La base parle à la base. Elle peut réveiller les sociétés en transformant les consommateurs-spectateurs passifs en spectateurs-acteurs et en consommateurs-acteurs. Le réveil de la démocratie et la mobilisation locale directe sont indispensables. L'économie ne peut en faire l'impasse. Car ce n'est pas en multipliant les multinationales que les territoires vont se réveiller, mais en dynamisant les PME et en rendant plus responsables et efficaces les administrations.
Nous vivons en micro-réseaux. Il faut les lier, les rendre plus visibles, qu'ils prennent conscience de leur force et de leur caractère incontournable. Les grandes structures de l'Etat doivent jouer avec cette base, c'est çà la culture, la reconstruction du vivre ensemble : un localisme ouvert sur le monde. Je l'ai écrit dans Le Local-Global. Changer soi pour changer la planète. Je souhaite le faire au service de tous à la tête de grandes institutions, pour aider à opérer une vraie démocratisation culturelle.
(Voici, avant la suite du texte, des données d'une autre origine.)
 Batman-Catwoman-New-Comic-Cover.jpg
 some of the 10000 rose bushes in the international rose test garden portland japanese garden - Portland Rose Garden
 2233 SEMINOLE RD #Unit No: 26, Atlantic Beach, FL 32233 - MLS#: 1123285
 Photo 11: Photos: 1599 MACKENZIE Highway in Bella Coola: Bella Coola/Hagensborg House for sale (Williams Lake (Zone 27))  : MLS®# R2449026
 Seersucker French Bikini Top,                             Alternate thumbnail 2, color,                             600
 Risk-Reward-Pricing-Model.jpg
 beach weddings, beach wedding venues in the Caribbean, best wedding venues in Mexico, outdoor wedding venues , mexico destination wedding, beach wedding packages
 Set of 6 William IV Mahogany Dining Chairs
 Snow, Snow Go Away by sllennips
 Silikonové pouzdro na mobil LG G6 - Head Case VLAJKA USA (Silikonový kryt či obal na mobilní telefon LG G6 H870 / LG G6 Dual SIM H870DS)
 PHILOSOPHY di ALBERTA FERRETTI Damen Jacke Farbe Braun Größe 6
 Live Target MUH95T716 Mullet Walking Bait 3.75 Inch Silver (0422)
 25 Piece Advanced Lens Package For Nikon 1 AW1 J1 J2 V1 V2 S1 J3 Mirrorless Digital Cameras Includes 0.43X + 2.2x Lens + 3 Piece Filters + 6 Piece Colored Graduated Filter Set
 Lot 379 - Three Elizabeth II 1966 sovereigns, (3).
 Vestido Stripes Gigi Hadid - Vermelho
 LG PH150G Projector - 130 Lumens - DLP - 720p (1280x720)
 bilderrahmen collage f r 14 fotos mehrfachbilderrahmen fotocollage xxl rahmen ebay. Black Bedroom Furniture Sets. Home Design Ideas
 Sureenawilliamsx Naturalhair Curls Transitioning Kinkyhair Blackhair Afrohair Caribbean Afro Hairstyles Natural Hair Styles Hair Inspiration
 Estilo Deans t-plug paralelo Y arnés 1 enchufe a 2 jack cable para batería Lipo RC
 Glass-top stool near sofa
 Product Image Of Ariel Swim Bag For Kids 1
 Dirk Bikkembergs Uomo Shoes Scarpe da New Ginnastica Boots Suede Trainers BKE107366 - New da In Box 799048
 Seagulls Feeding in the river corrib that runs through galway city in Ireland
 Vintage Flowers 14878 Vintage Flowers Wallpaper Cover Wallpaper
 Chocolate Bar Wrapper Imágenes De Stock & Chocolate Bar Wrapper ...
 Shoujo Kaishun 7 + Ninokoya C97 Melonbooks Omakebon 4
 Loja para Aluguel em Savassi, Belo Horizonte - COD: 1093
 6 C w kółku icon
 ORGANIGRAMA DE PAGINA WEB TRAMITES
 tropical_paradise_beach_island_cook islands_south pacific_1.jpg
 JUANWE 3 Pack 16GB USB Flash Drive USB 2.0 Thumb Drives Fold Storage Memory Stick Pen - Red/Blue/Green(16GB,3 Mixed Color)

Il est temps en effet d'ouvrir les yeux sur le futur : donner des perspectives, c'est associer le peuple ; maintenir l'opacité dans l'effort nécessaire, c'est courir le danger d'une hostilité générale.
Reconstruire un futur, c'est penser le présent, un présent sur lequel chacune et chacun peut peser. En bleu, noir et vert, en espoir en tout cas.